We're not committing to data yet. Let us take a little bit of a longer look as to how enrollment goes and the data that emerges. We have a lot of other data readouts this year, as we discussed at the beginning of the discussion. So no timing for mutant CALR antibody data yet. But it's possible this year.
Given that it's really going at the underlying mutation, maybe there's two diseases here, right? They're MF and ET. What does good data look like for this antibody in the setting? But you're saying MF, is it spleen volume reduction? Is it something else that you'll be looking at? Just how will you be evaluating this?
So I think the early readouts are obviously, nobody has given a mutant CALR antibody to these patients before. So safety is important. We want to make sure that this medicine behaves as we expect in terms of PK. And then over the sort of the intermediate endpoint is, yes, we want to see clinical activity, spleen reduction, improvement in blood counts, et cetera. And the longer-term readout that I think would differentiate the mutant CALR antibody from other interventions in MF and ET is the ability to reduce the allele burden in these patients, to really try to eradicate the malignant clone in these patients and have it outcompeted with the wild-type clone. That's a longer-term readout. I'm not committed to that this year for sure. But that would be the idea.
Once we see that, we see not only that this medicine works in controlling spleen and symptoms and blood counts, but that truly has a long-term impact on the natural course of the disease.
Just a follow-up. Can you just translate into what that means? In other words, what's the clinical endpoint? Is this associated with that? Would it be mortality, or what would you?

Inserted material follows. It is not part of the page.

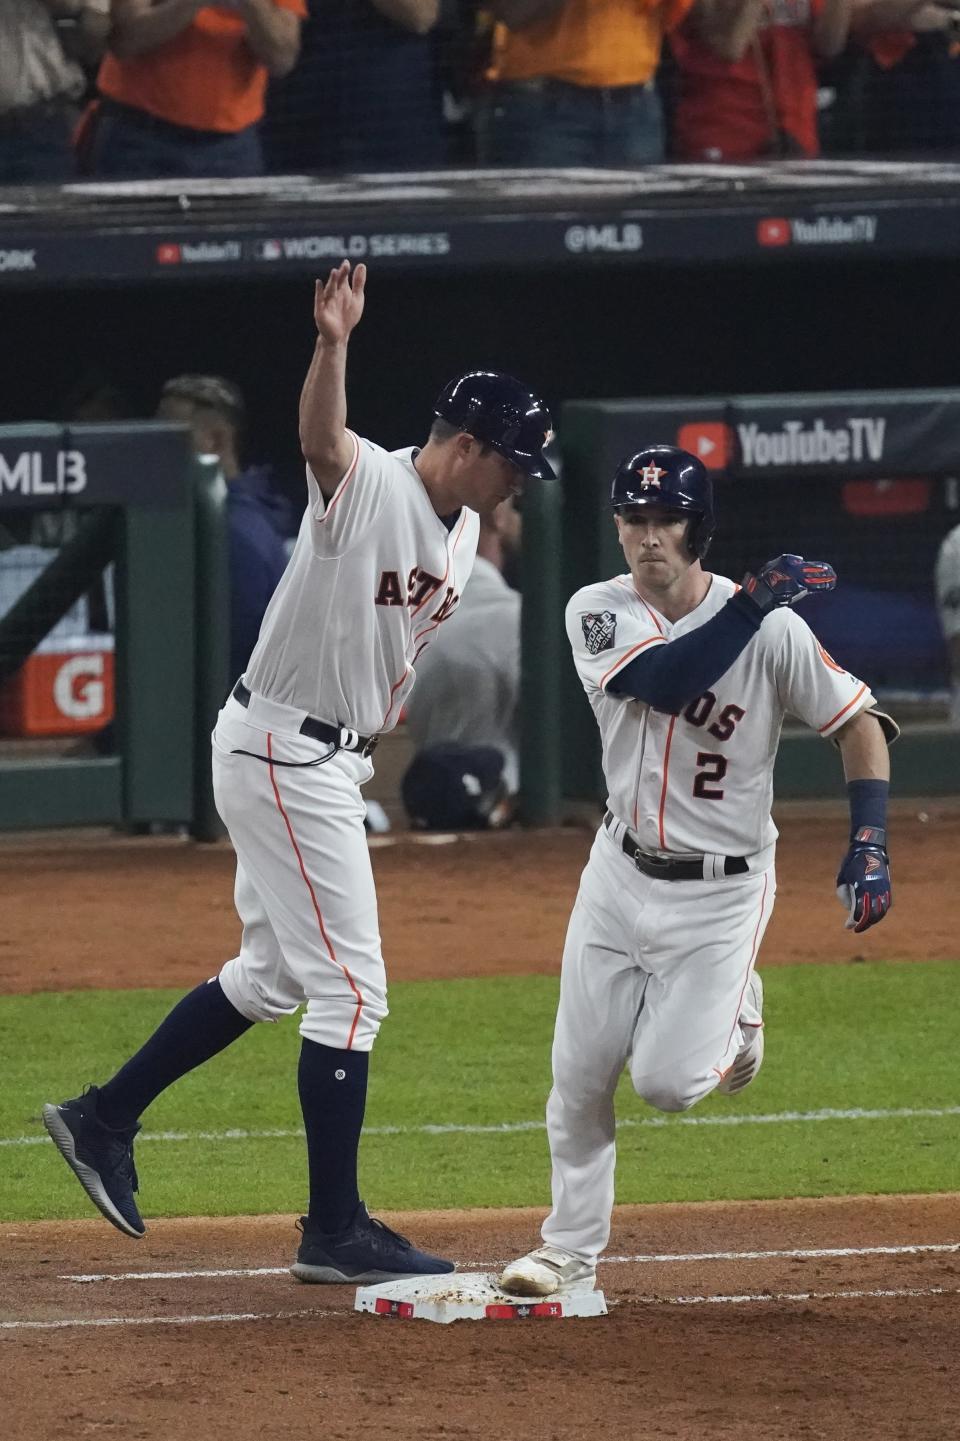 Houston Astros' Alex Bregman is congratulated by first base coach Don Kelly after hitting a two-run home run during the first inning of Game 2 of the baseball World Series against the Washington Nationals Wednesday, Oct. 23, 2019, in Houston. (AP Photo/Eric Gay)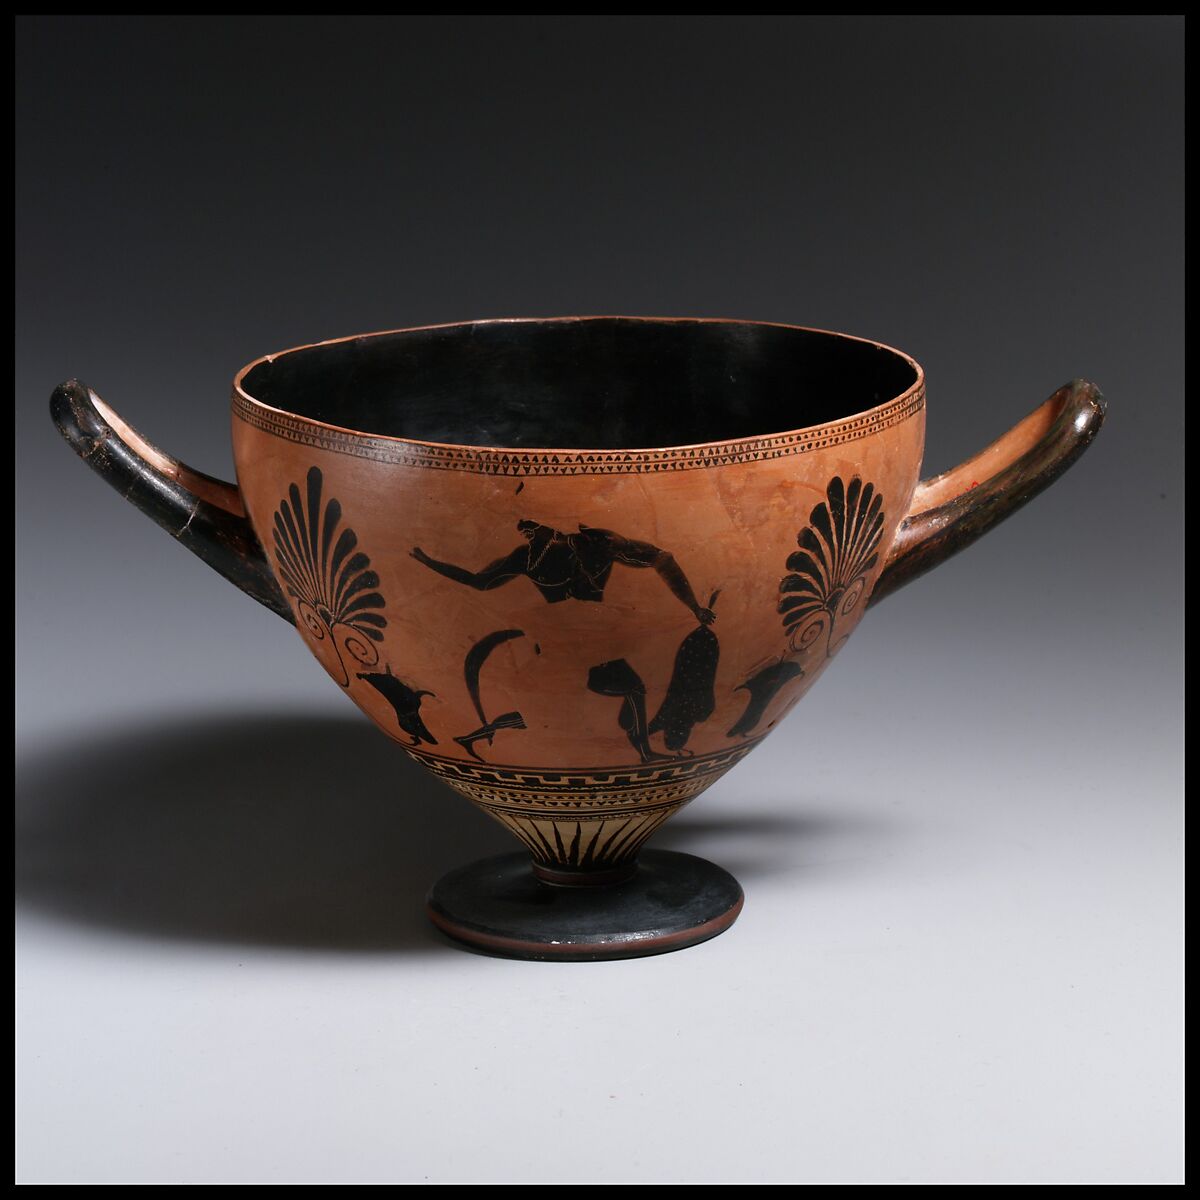 Terracotta skyphos (deep drinking cup), Attributed to or near Psiax, Terracotta, Greek, Attic

No, we can measure allele burden.
But is that an approval endpoint?
We haven't the medicine just entered the clinic. I'm not approval endpoints today. I think the question for approval would be whether the combination of mutant CALR antibody with, let's say, ruxolitinib in the near term improves spleen responses, improves blood counts, and improves symptoms better than rux alone. And that leads to a quick approval with a longer-term follow-up for survival, as you ask.
Do you think you need to combine it with Jakafi, or? I mean, if it's directly hitting the target.
Once we have data, I will tell you.
OK. The other one is the CDK2. I think that data is this half, right? The first half, or?
No, this year. CDK2, yeah. Sorry.
OK. Then you talked about numerous responses. There are a couple other CDK2 inhibitors in the, I believe, that's the quote you just said.
Yeah, we said several. Anyway, yeah, go ahead. Yeah.
Several. The others are a little bit ahead of you in the clinic in terms of with direct inhibitors, CDK2, Pfizer, and Blueprint. They primarily talk about this as a combination program. But if you're seeing several responses, is there a real single-agent opportunity here in your mind?
So we're going to size that over the course of the year. So as you point out, both Blueprint and Pfizer have competitive programs. I think externally, what we've seen is their focus has been more strongly on breast cancer than on ovarian cancer. I think we've said publicly that we're more interested in ovarian cancer. We think it's a simpler development path. And there's two options or three, perhaps. Single agent, obviously. We need a little bit longer follow-up, more patients at the higher doses to see to really quantify exactly the magnitude of the efficacy we're seeing. And then we'll decide whether it's a single-agent path. In the meantime, when the process of initiating combinations, mostly right now with the focus on ovarian cancer, but obviously, we're having discussions on breast cancer as well. So I think what we'd said is we'll have the data later this year.
And we'll disclose at the time what the development plan for the CDK2 inhibitor looks like. But we're very encouraged by the responses we're seeing so far.
Unfortunately, that's all the time we have. So we're going to have to cut off.